## EXERCISE DATA
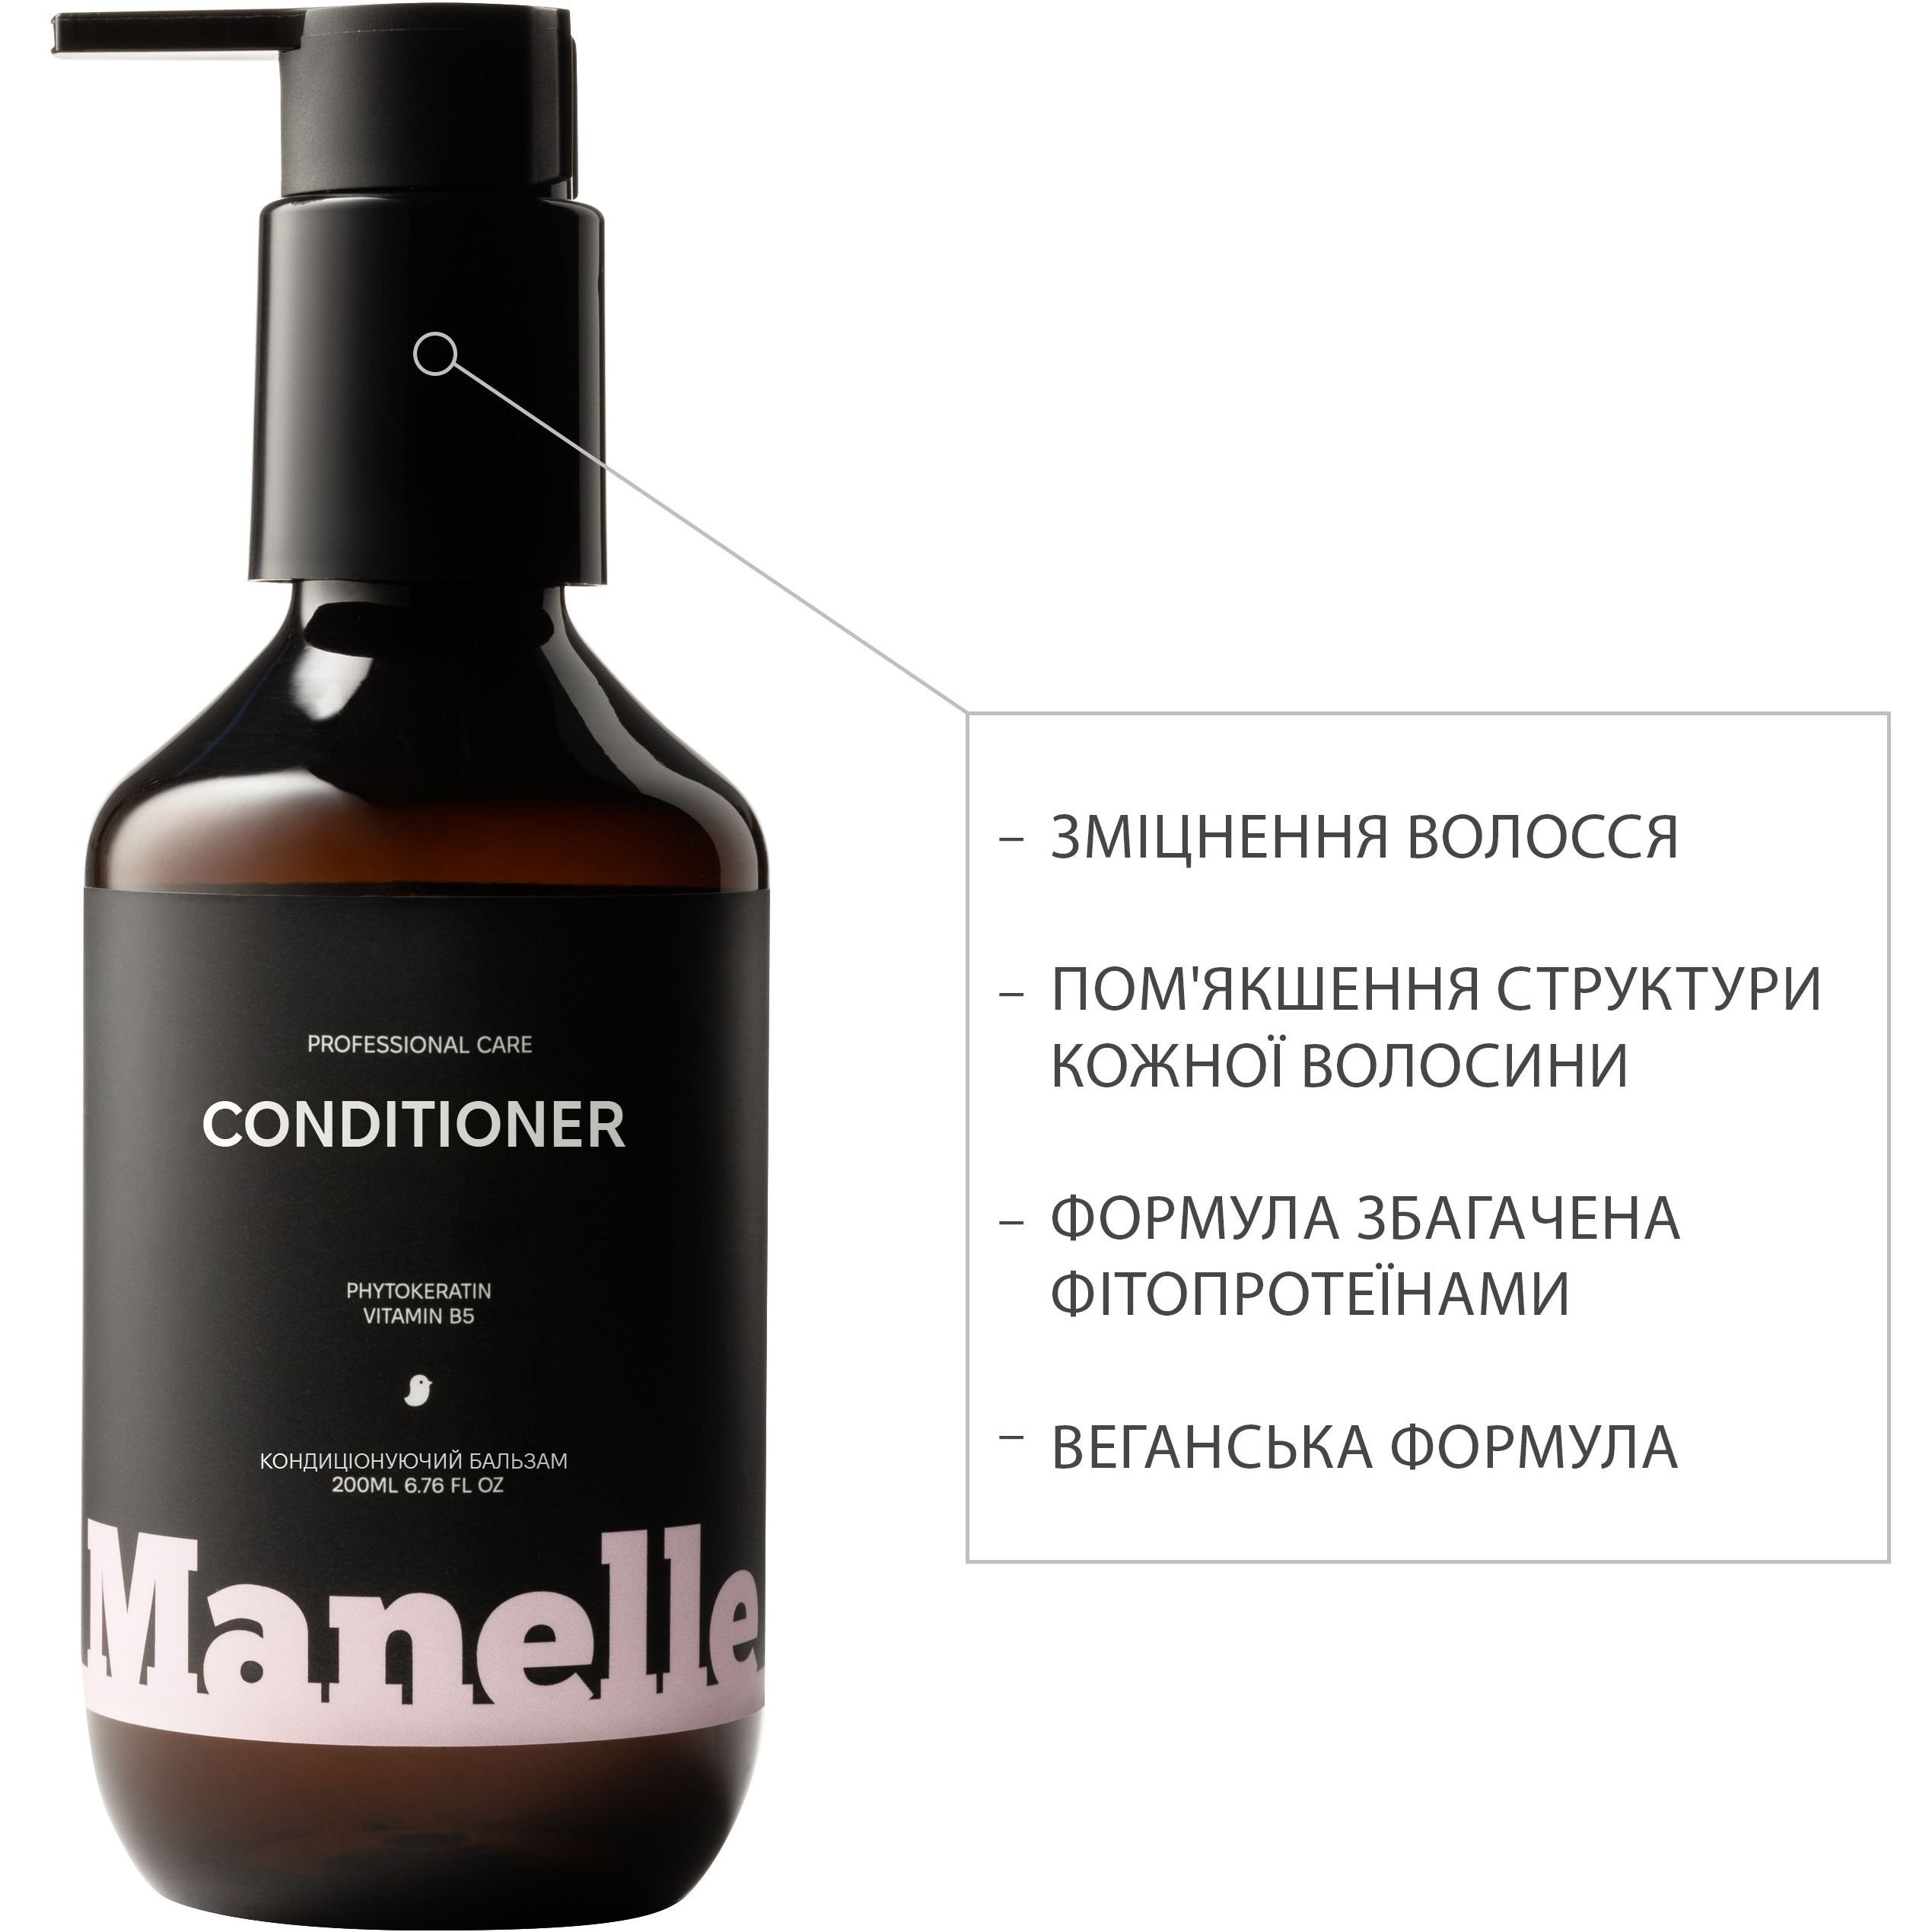 Безсульфатний кондиціонер для волосся Manelle Рrofessional care Phytokeratin vitamin B5 200 мл - фото 2
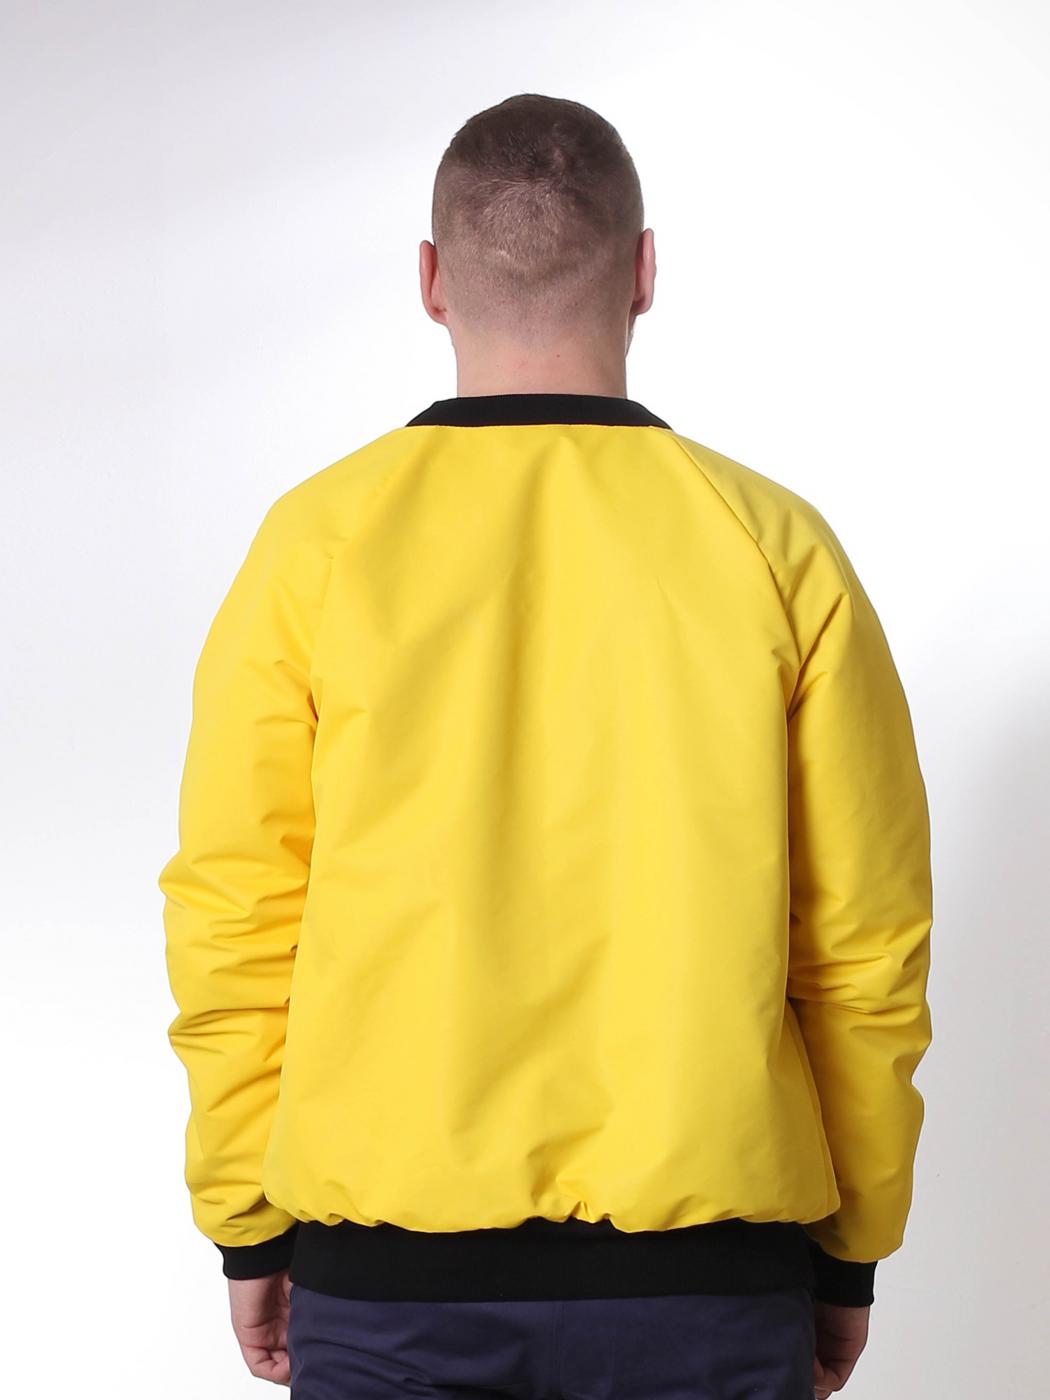 Куртка-бомбер двухсторонний Black/Yellow утеп Custom Wear - Фото 1
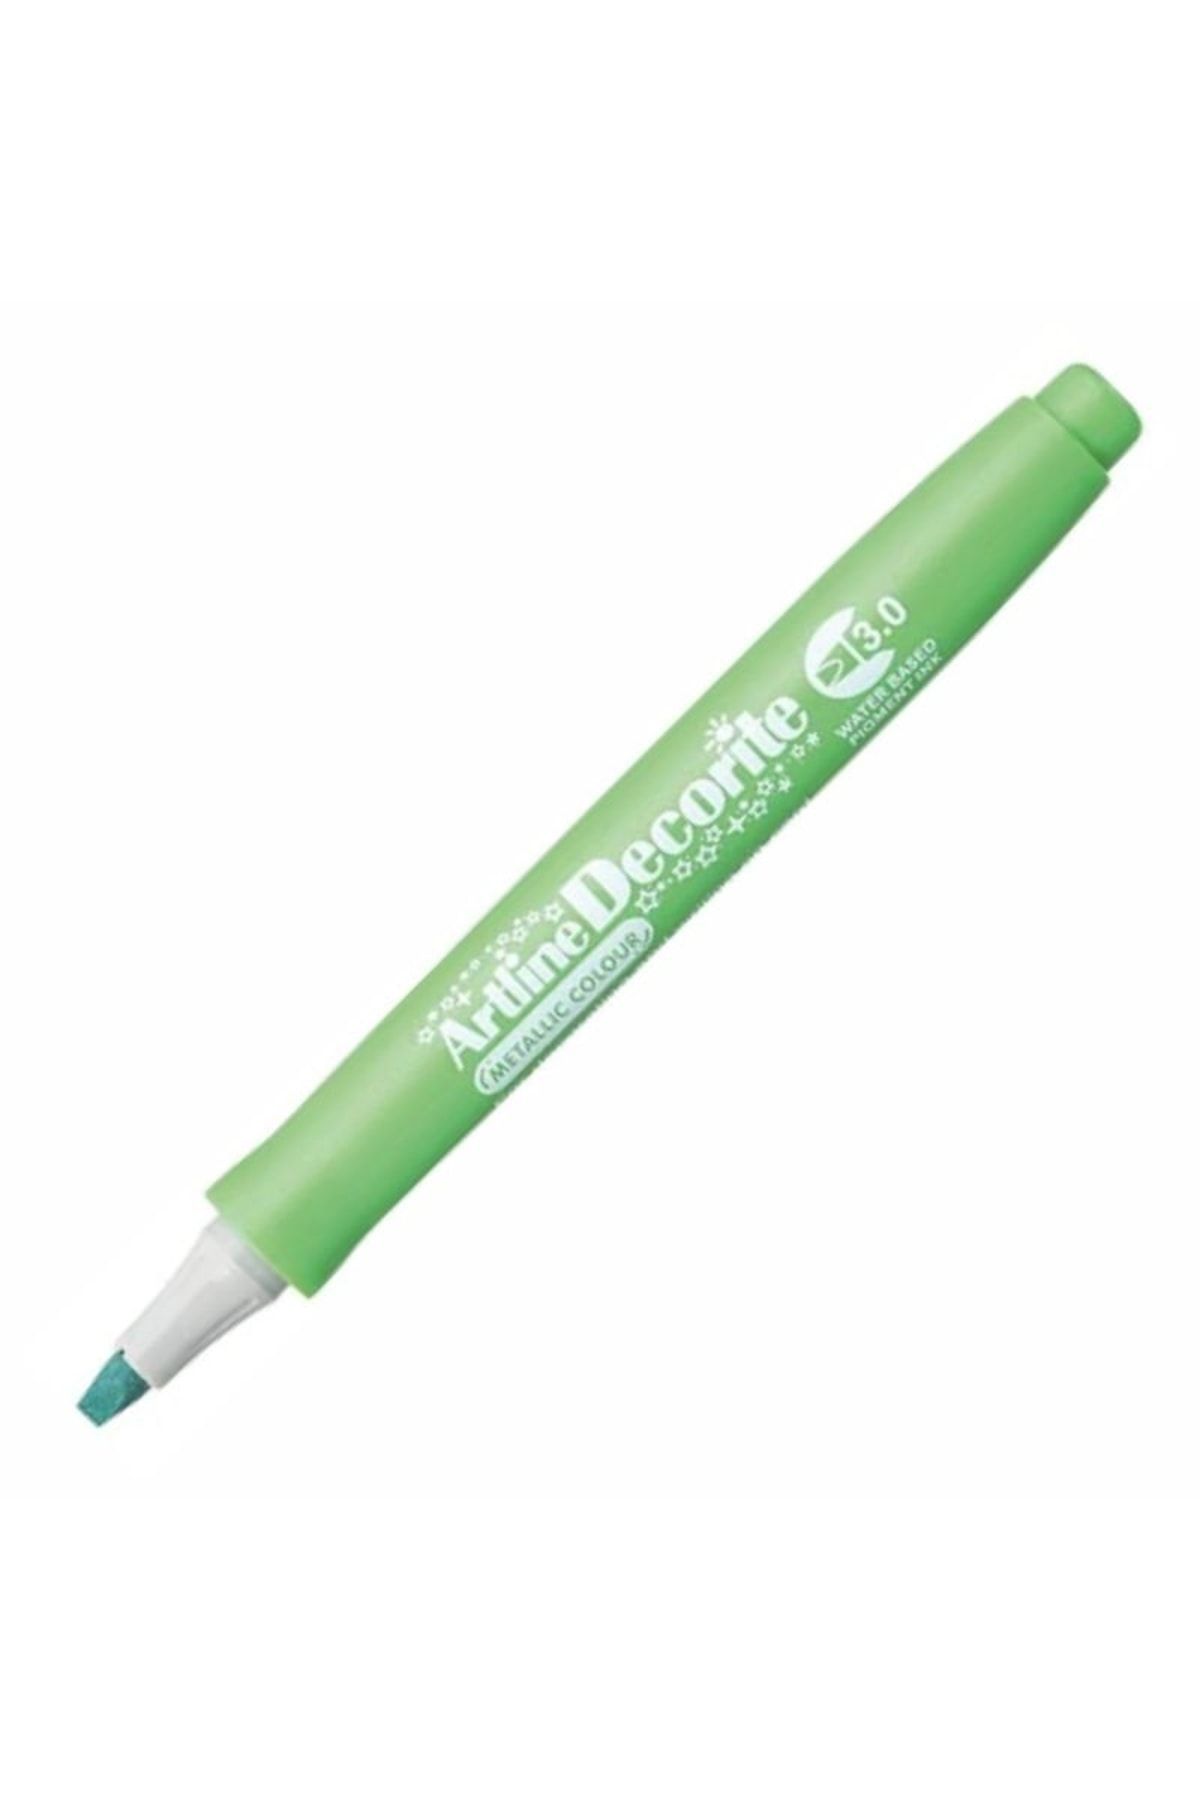 Genel Markalar Artline Decorite Marker Kalem Düz Kesik Uç 3.0 Metallic Green

## THE PROBLEM
Restate the material above word for word; pictures do not belong in the copy.

## SOLUTION TO THIS TASK
 Безсульфатний кондиціонер для волосся Manelle Рrofessional care Phytokeratin vitamin B5 200 мл - фото 2
 Куртка-бомбер двухсторонний Black/Yellow утеп Custom Wear - Фото 1
 Genel Markalar Artline Decorite Marker Kalem Düz Kesik Uç 3.0 Metallic Green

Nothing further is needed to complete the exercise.